Display works. Build doesn’t. I had been building for a year.

The lesson, generalized

If you’re making an AI companion or agent that needs to feel like a consistent character, here’s the structural checklist:

  1. Is there an external oracle? Something outside the LLM that keeps getting re-injected, that anchors the bot’s attention to something specific. For the game bot it was a screen. For a coding assistant it might be the current file. For a customer service bot it might be the user’s account state. If your bot has nothing external, its only anchor is its own conversation history, which drifts.

  2. Does identity live outside the model and get re-injected? If yes, good. If identity lives “inside” via system prompts getting buried under conversation turns, it will drift.
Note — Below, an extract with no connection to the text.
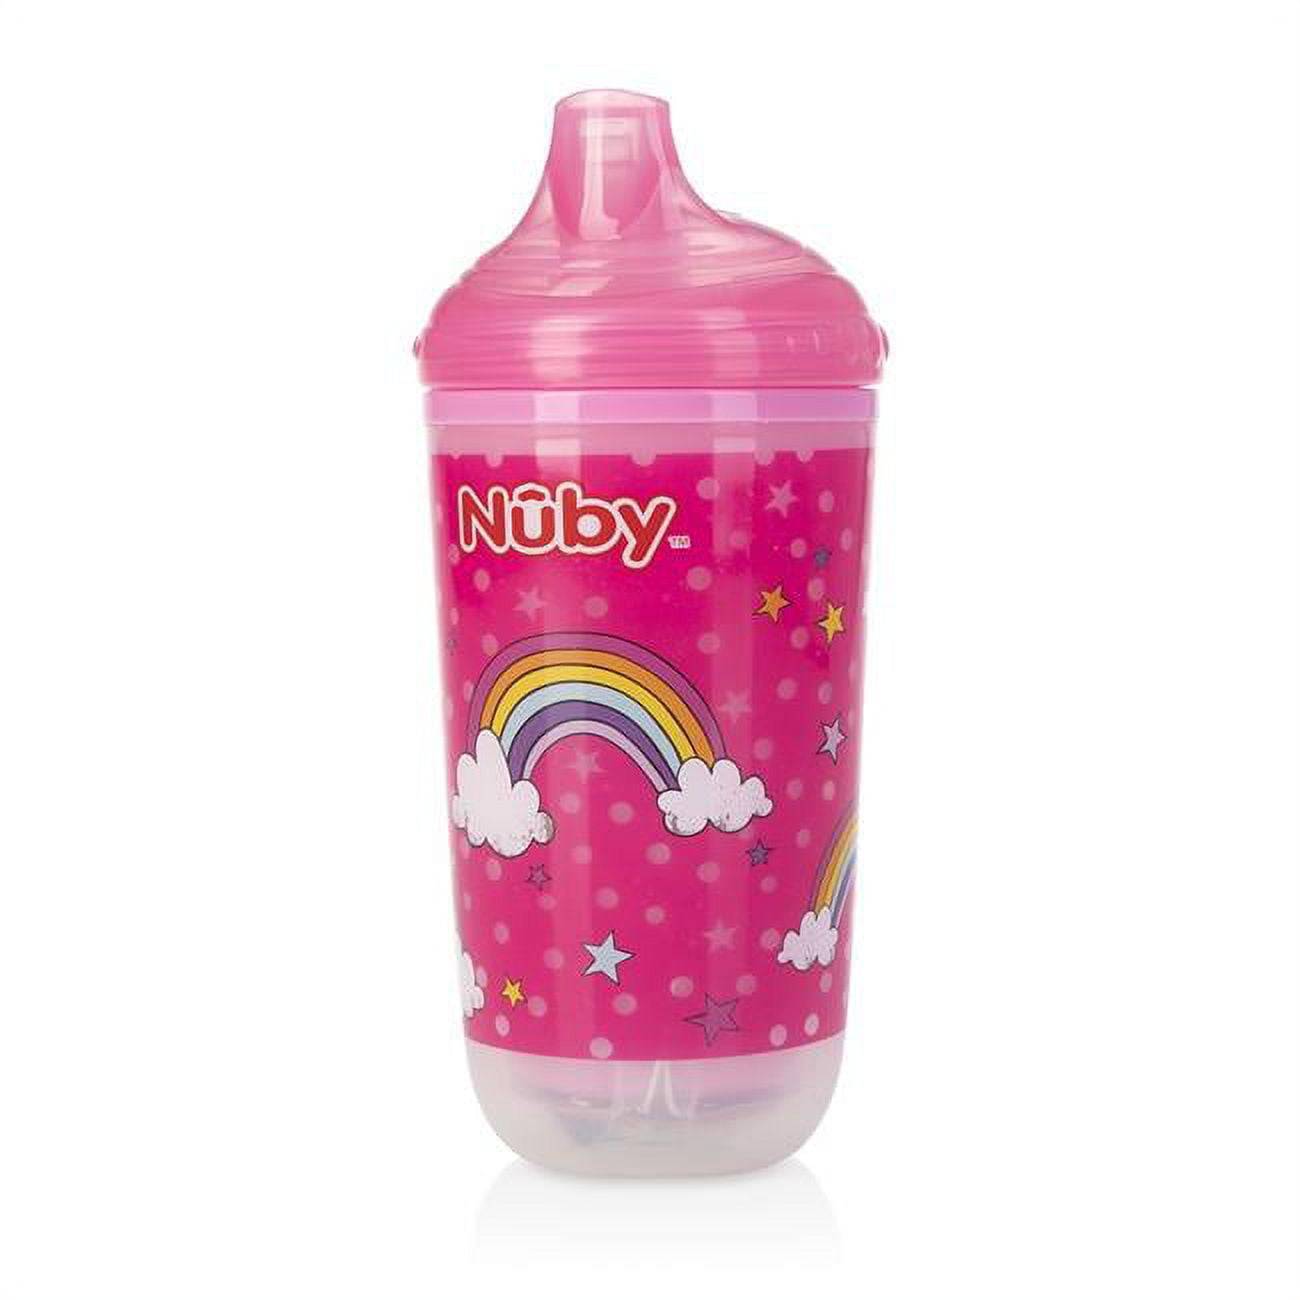 Picture of DDI 2346685 Nuby? Insulated Light-Up No Spill Sippy Cup - Rainbow  Pink  10 oz Case of 24

  3. Does memory store facts, not identity? If your memory schema has fields for “personality traits” or “bot mood” or “current persona state,” you’re blurring the line. Strip it back to facts only.

  4. Is the scope narrow enough that the priors help instead of hurt? “Game sidekick for this specific RPG” is far from “helpful AI assistant.” The priors for each differ enough that narrow scope forces the model out of default behavior. “General companion” is basically the default, which means you’re fighting priors the whole time. Narrower is easier.

  5. Are there any self-updating feedback loops from bot behavior to bot identity? If yes, rip them out. They sound smart. They’re entropy sources.

The meta-lesson

Simple things that work are almost always doing something subtle right that complex things are doing wrong.

My complex builds had machinery that looked like it should stabilize identity. None of that machinery addressed the actual problem, which was “where does identity live and how does it survive long conversations.” The game bot addressed that problem incidentally, by being too simple to do the wrong thing.

Next time you’re building an AI system and the simple version is working better than the complex one, don’t assume the simple version is lucky. It’s doing something right that you haven’t named yet. Find what that is before you add more complexity.

Postscript

I went back and rebuilt my serious companion bot using the same architecture. Small personality spec, re-injected every turn. Facts-only memory. External anchors where possible. No feedback loops.

It works. Finally.

Eleven months. The answer was a weekend project.